De daadwerkelijke aanwijzing van gebieden zal na een integrale afweging van alle belangen op de Noordzee gebeuren in het Programma Noordzee 2022 – 2027, waarvan het kabinet het ontwerp in het voorjaar 2021 ter inzage legt. In het proces van het Programma Noordzee 2022 – 2027 wordt zorgvuldig rekening gehouden met alle belangen en gehandeld op basis van de afspraken uit het Noordzeeakkoord. De daarbij te maken afwegingen zullen, in lijn met de motie Agnes Mulder/De Groot over een gezonde Noordzee (Kamerstuk 33 450 nr. 70), worden ondersteund door een milieueffectrapportage (PlanMER) en de resultaten uit het onderzoeksprogramma Wozep (Windenergie op zee ecologisch programma).

Aanlanding

De NEO onderstreept dat het aantal aanlandlocaties aan de kust schaars is. Om een visie te ontwikkelen op het omgaan met de schaarse aanlandlocaties start ik een project Verkenning Aanlanding Windenergie op zee 2030 – 2040 (VAWOZ). Dit project zal verkennen hoe de aanlandlocaties het beste benut kunnen worden. Het zal de aanlanding in samenhang bezien met de energie-infrastructuur en het energiegebruik op land. Het energiesysteem houdt immers niet op bij de aanlanding. De door windparken gewonnen energie moet uiteindelijk, als elektriciteit of gasvormig, terechtkomen bij de eindverbruikers.

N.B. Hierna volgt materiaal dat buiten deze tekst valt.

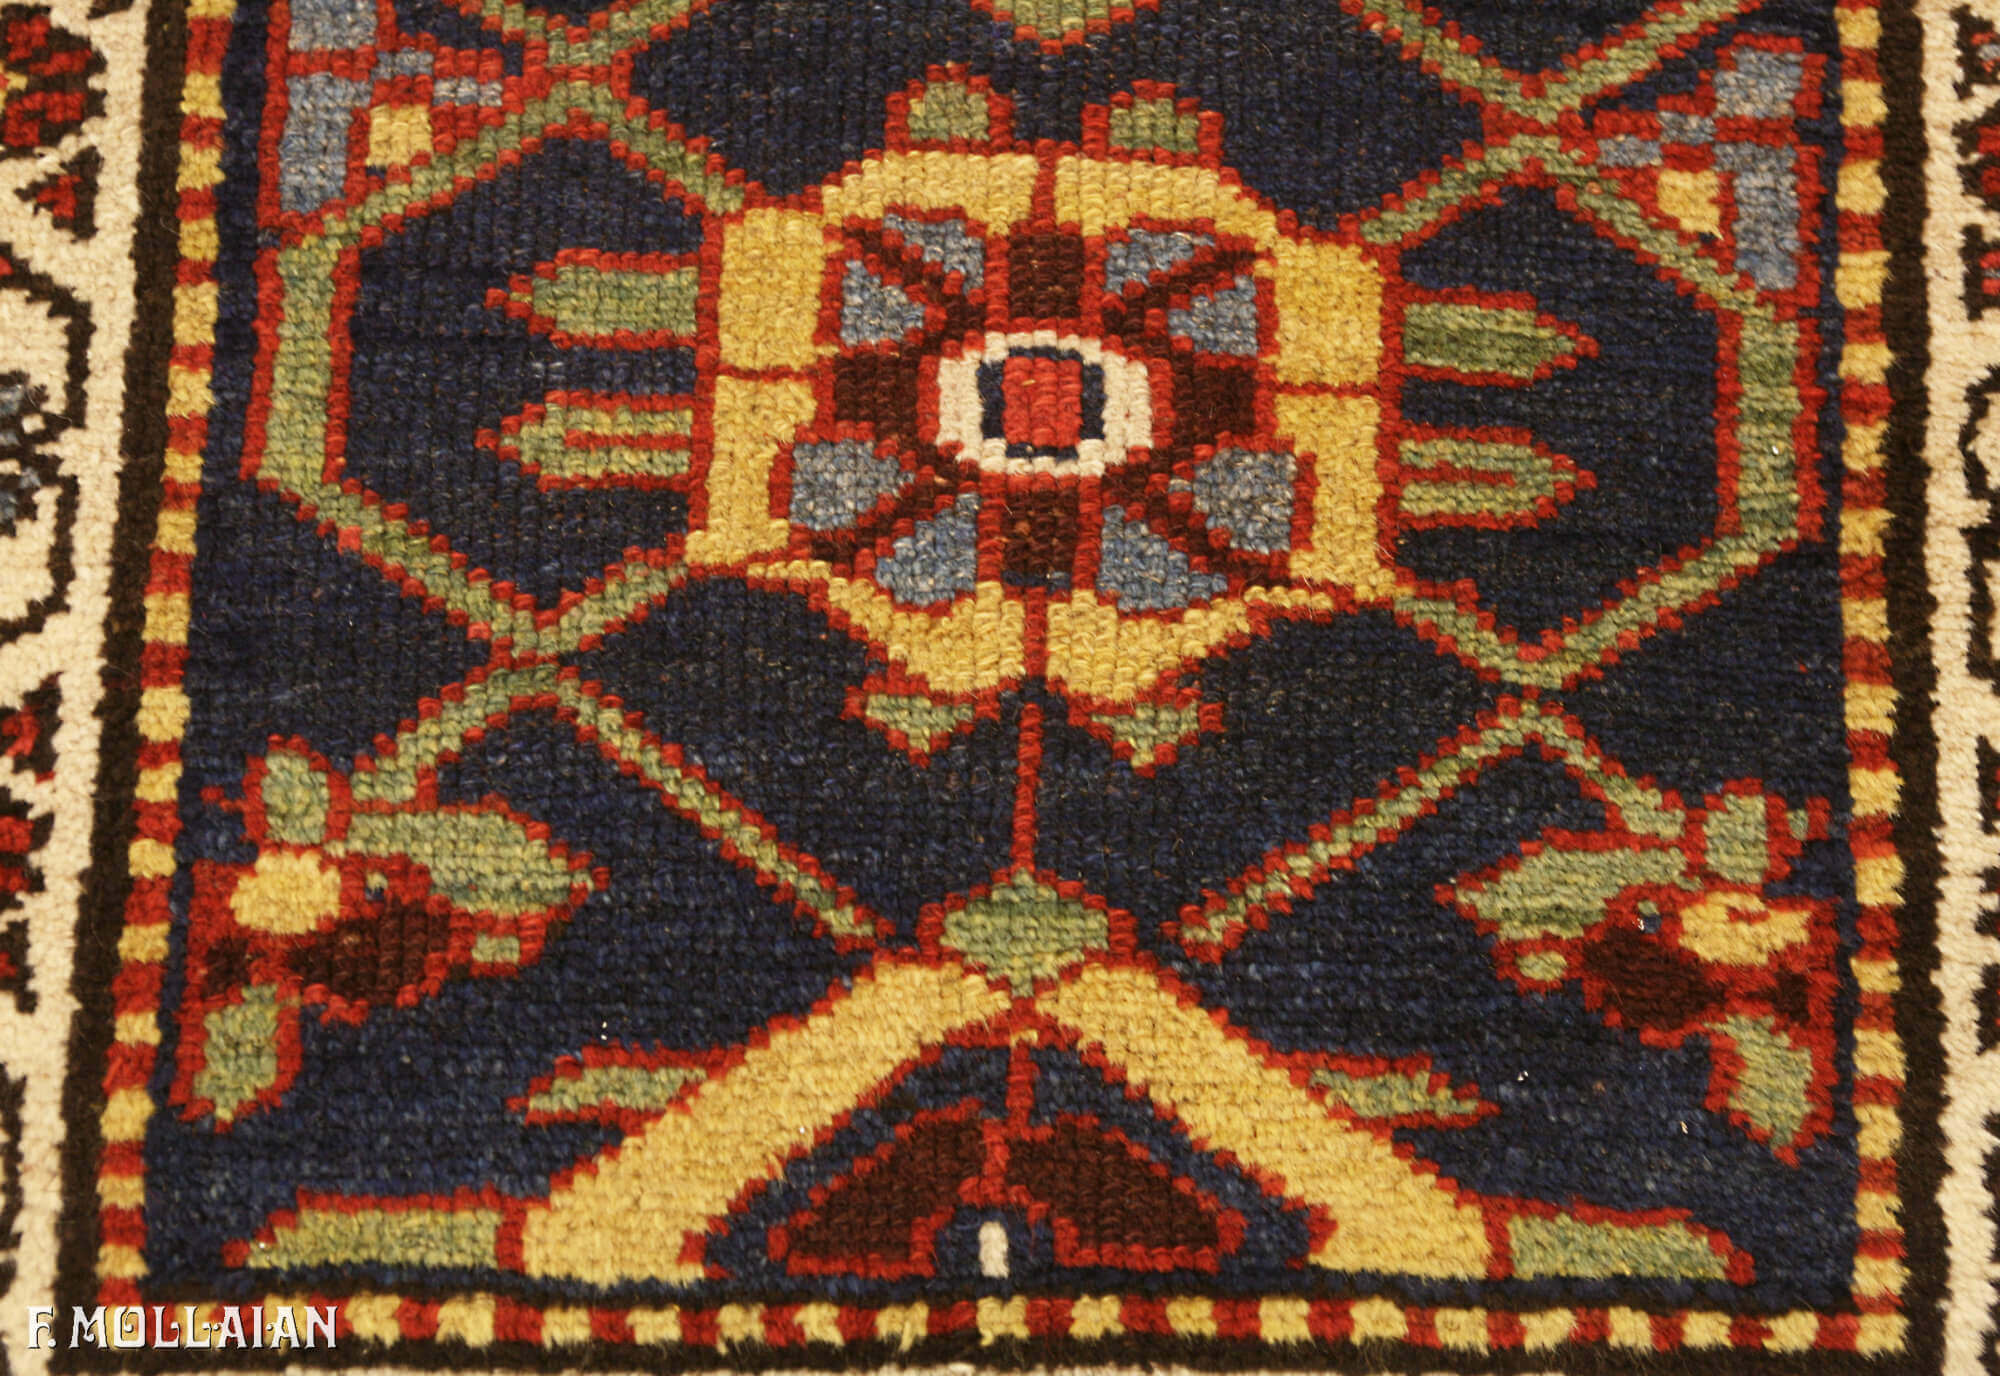 Teppich Spur Persischer Antiker Varamin n°:41473658

Hier zal nadrukkelijk ook worden gekeken naar de koppeling van aanlanding van wind op zee met de groeiende vraag naar CO2-vrije energie uit de industriële clusters.

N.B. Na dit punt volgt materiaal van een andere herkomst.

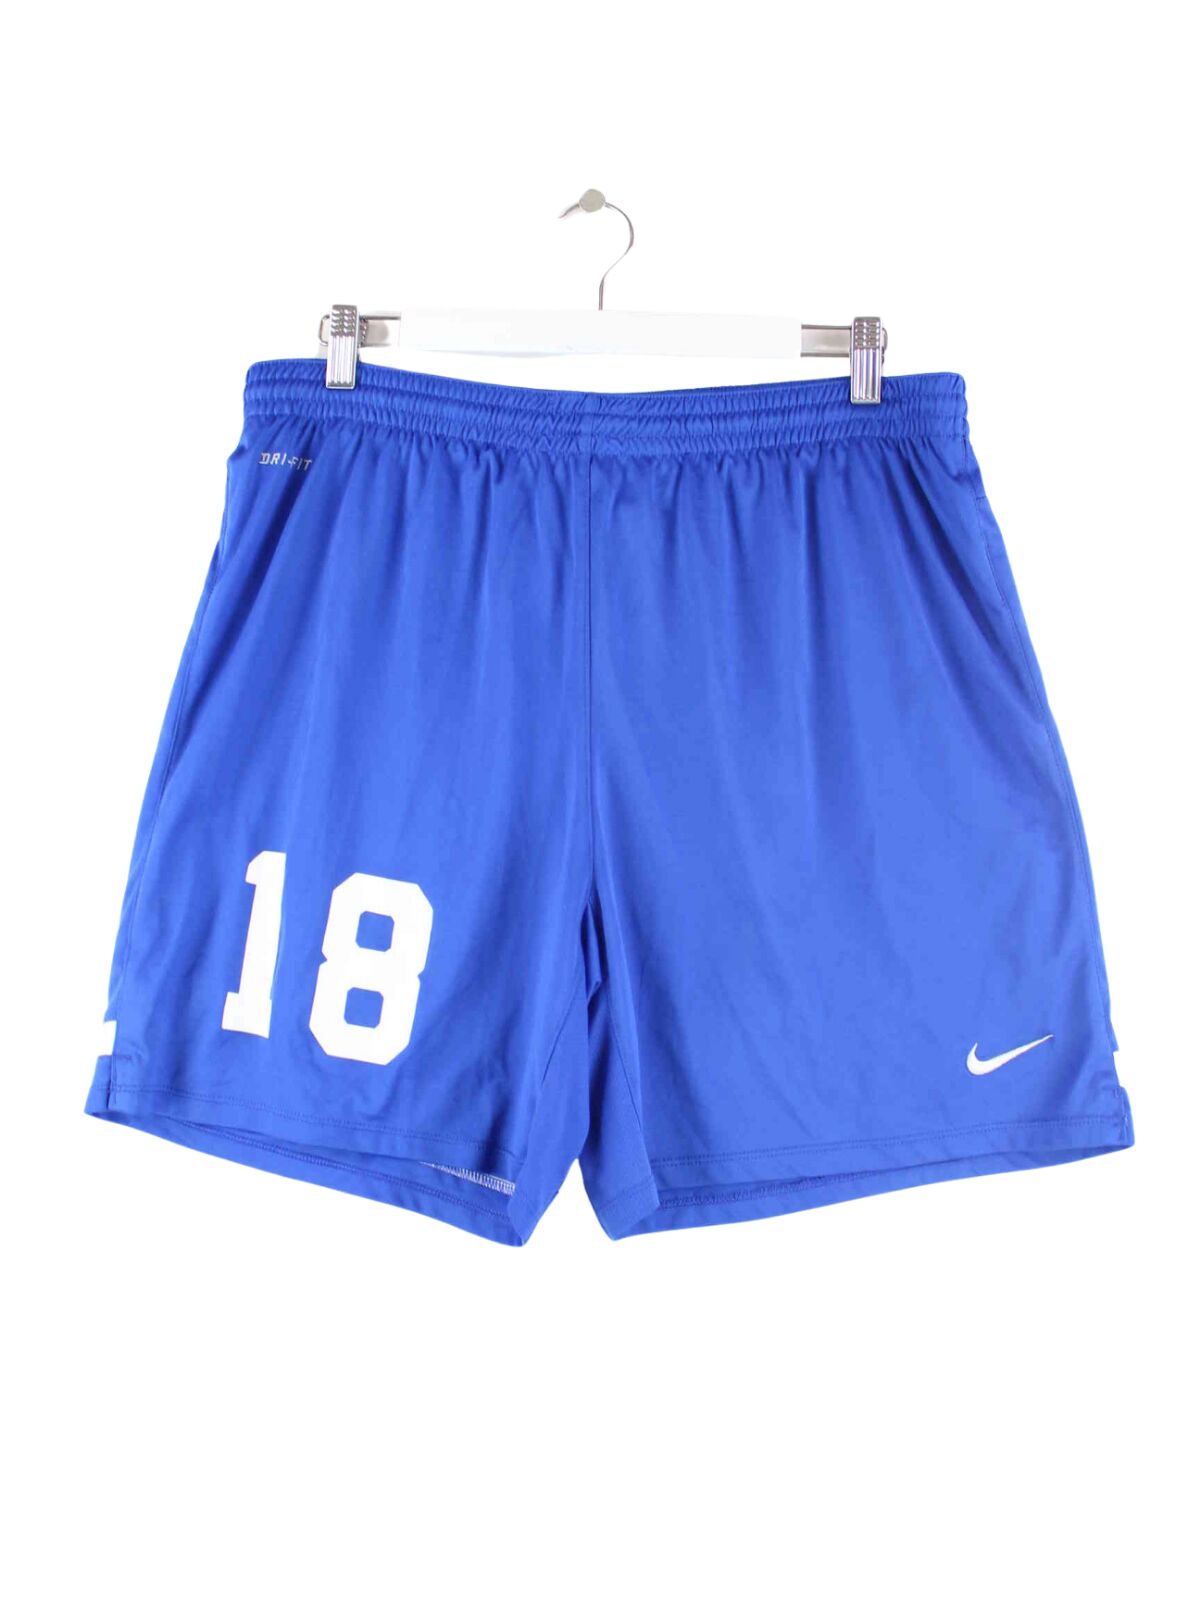 Nike Dri Fit #18 Shorts Blau L (front image)

De ruimtelijke voorbereiding van windparken, aanlanding en infrastructuur op land moeten goed op elkaar aansluiten. De VAWOZ vormt de verbinding tussen het Programma Noordzee 2022 – 2027 waarin o.a. gebieden voor windenergie worden aangewezen, en het Programma Energie Hoofdstructuur dat zich richt op de ruimtelijke planning voor de energiehoofdstructuur op land en waarin aanlandplekken ruimtelijk worden aangewezen. Daarom zal de VAWOZ in tijd synchroon lopen en inhoudelijk afgestemd zijn met het Programma Noordzee 2022 – 2027 en het Programma Energie Hoofdstructuur. Op alle drie de trajecten wordt interdepartementaal nauw samengewerkt.

De VAWOZ betreft een verkenning van aanlandplekken. Welke aanlandplekken uiteindelijk gebruikt zullen worden en wanneer is dus ook afhankelijk van de fasering en precieze locatie van toekomstige windparken op zee en de ontwikkeling van de vraag en infrastructuur op land. Bij de uiteindelijke keuze van tracés en aanlandplaatsen wordt rekening gehouden met de ruimtelijke invloed op land, het bestaande elektriciteitsnet, de mogelijke ontwikkeling van een waterstofnet, technische (on)mogelijkheden, natuur, milieu en de leefomgeving.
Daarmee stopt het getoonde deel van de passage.